1960 opera by Benjamin Britten

A Midsummer Night's Dream, Op. 64, is an opera with music by Benjamin Britten and set to a libretto adapted by the composer and Peter Pears from William Shakespeare's play, A Midsummer Night's Dream. It was premiered on 11 June 1960 at the Aldeburgh Festival, conducted by the composer and with set and costume designs by Carl Toms. Stylistically, the work is typical of Britten, with a highly individual sound-world – not strikingly dissonant or atonal, but replete with subtly atmospheric harmonies and tone painting. The role of Oberon was composed for the countertenor Alfred Deller. Atypically for Britten, the opera did not include a leading role for his partner Pears, who instead was given the comic drag role of Flute/Thisbe.

==Performance history==
A Midsummer Night's Dream was first performed on 11 June 1960 at the Jubilee Hall, Aldeburgh, UK, as part of the Aldeburgh Festival. Conducted by the composer, it was directed by the choreographer John Cranko.

The work received wide critical approval following its early performances. Howard Taubman in his review of the Aldeburgh premiere wrote that the orchestral colors of the score conveyed a sense of "soaring illusion" that never wavered and concluded:
Not every problem posed by Shakespeare has been solved, but Mr. Britten has accomplished so much that one may safely predict a wide vogue for his latest and happiest opera.

A dissenting voice was Britten's estranged collaborator W. H. Auden. In a letter to Stephen Spender after seeing the 1961 London production, Auden dismissed it as "Dreadful! Pure Kensington".

Dream was performed at the Royal Opera House, Covent Garden, in 1961, produced by John Gielgud and conducted by Georg Solti. This production was revived six times to 1984.

Welsh National Opera staged the opera in 1978, starring Sir Geraint Evans as Bottom, James Bowman as Oberon, Rita Cullis as Titania and Sylvester McCoy as Puck. A performance conducted by Stuart Hose at Theatr Clywd was broadcast live on BBC Radio Three and BBC Two on 6th May 1978

The English Music Theatre Company staged the opera at Snape Maltings in 1980, directed by Christopher Renshaw and designed by Robin Don; the production was revived at the Royal Opera House for one performance in 1986.

Peter Hall directed a production in 1981 for Glyndebourne that by 2016 had been revived nine times.

In 2005, the Royal Opera House, Covent Garden, produced a version directed by Olivia Fuchs at the Linbury Studio Theatre with the Tiffin Boys' Choir. William Towers was Oberon, and Gillian Keith Tytania.

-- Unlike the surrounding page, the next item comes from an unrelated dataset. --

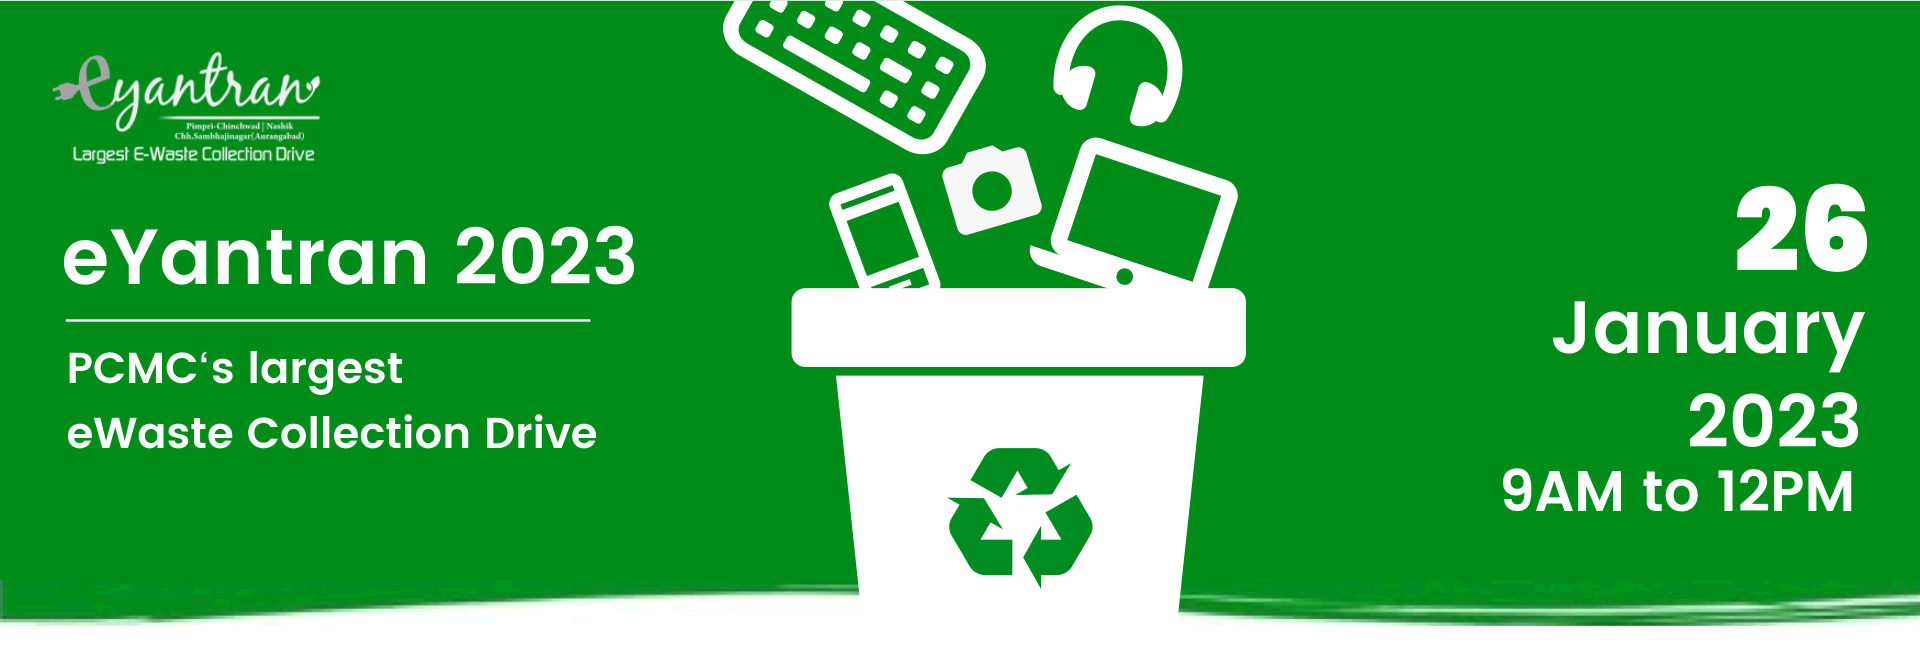 eYantran 2023 - PCMC's Largest e-waste Collection Drive

English National Opera's production of 2011, directed by Christopher Alden, set the opera in a mid-20th-century school, with Oberon (Iestyn Davies) and Tytania (Anna Christy) as teachers and Puck and the fairies as schoolboys. Oberon's relationship with Puck (Jamie Manton) is given overtly sexual overtones, and Puck responds with alternate anger and despair to Oberon's new-found interest in Tytania's Changeling boy. The silent older man who stalks the action in the first two acts is revealed to be Theseus (Paul Whelan); reviewers have suggested that in this staging Theseus himself was once the object of Oberon's attentions, and is either watching history repeating itself, or is in fact daydreaming the magical events of the opera prior to his marriage to Hippolyta.

==Roles==

Roles, voice types; premiere cast
| Role | Voice type | Premiere cast, 11 June 1960 Conductor: Benjamin Britten Director: John Cranko |
|---|---|---|
| Oberon, King of the Fairies | countertenor | Alfred Deller |
| Tytania, Queen of the Fairies | coloratura soprano | Jennifer Vyvyan |
| Puck | speaking role | Lorca Massine (as "Leonide Massine II") |
| Cobweb | treble | Kevin Platts |
| Mustardseed | treble | Robert McCutcheon |
| Moth | treble | Barry Ferguson |
| Peaseblossom | treble | Michael Bauer |
| Lysander | tenor | George Maran |
| Demetrius | baritone | Thomas Hemsley |
| Hermia, in love with Lysander | mezzo-soprano | Marjorie Thomas |
| Helena, in love with Demetrius | soprano | April Cantelo |
| Theseus, Duke of Athens | bass | Forbes Robinson |
| Hippolyta, Queen of the Amazons | contralto | Johanna Peters |
| Bottom, a weaver (Pyramus) | bass-baritone | Owen Brannigan |
| Quince, a carpenter (Director) | bass | Norman Lumsden |
| Flute, a bellows-mender (Thisbe) | tenor | Peter Pears |
| Snug, a joiner (Lion) | bass | David Kelly |
| Snout, a tinker (Wall) | tenor | Edward Byles |
| Starveling, a tailor (Moonshine) | baritone | Joseph Ward |

==Instrumentation==
- woodwinds: 2 flutes (2nd with piccolo), oboe (with English horn), 2 clarinets, bassoon
- Brass: 2 horns, trumpet in D, trombone
- percussion (2 players): timpani, triangle, cymbals, tambourine, gong, 2 wood blocks, vibraphone, glockenspiel, xylophone, tamburo, snare drum, tenor drum, bass drum, 2 bells
- Other: 2 harps, harpsichord (celesta), strings (minimum: 4.2.2.2.2)
- Stage band: sopranino recorders, cymbals, 2 wood blocks

==Analysis==
Britten delineated the three tiers of characters, the rustics being given folk-like "simple" music, the lovers a more romantic sound-world and the fairies being represented in a very ethereal way. Almost all of the action now takes place in the woods around Athens, and the fairies inhabit a much more prominent place in the drama. The comic performance by the rustics of Pyramus and Thisbe at the final wedding takes on an added dimension as a parody of nineteenth-century Italian opera. Thisbe's lament, accompanied by obbligato flute, is a parody of a Donizetti "mad scene" ("Il dolce suono").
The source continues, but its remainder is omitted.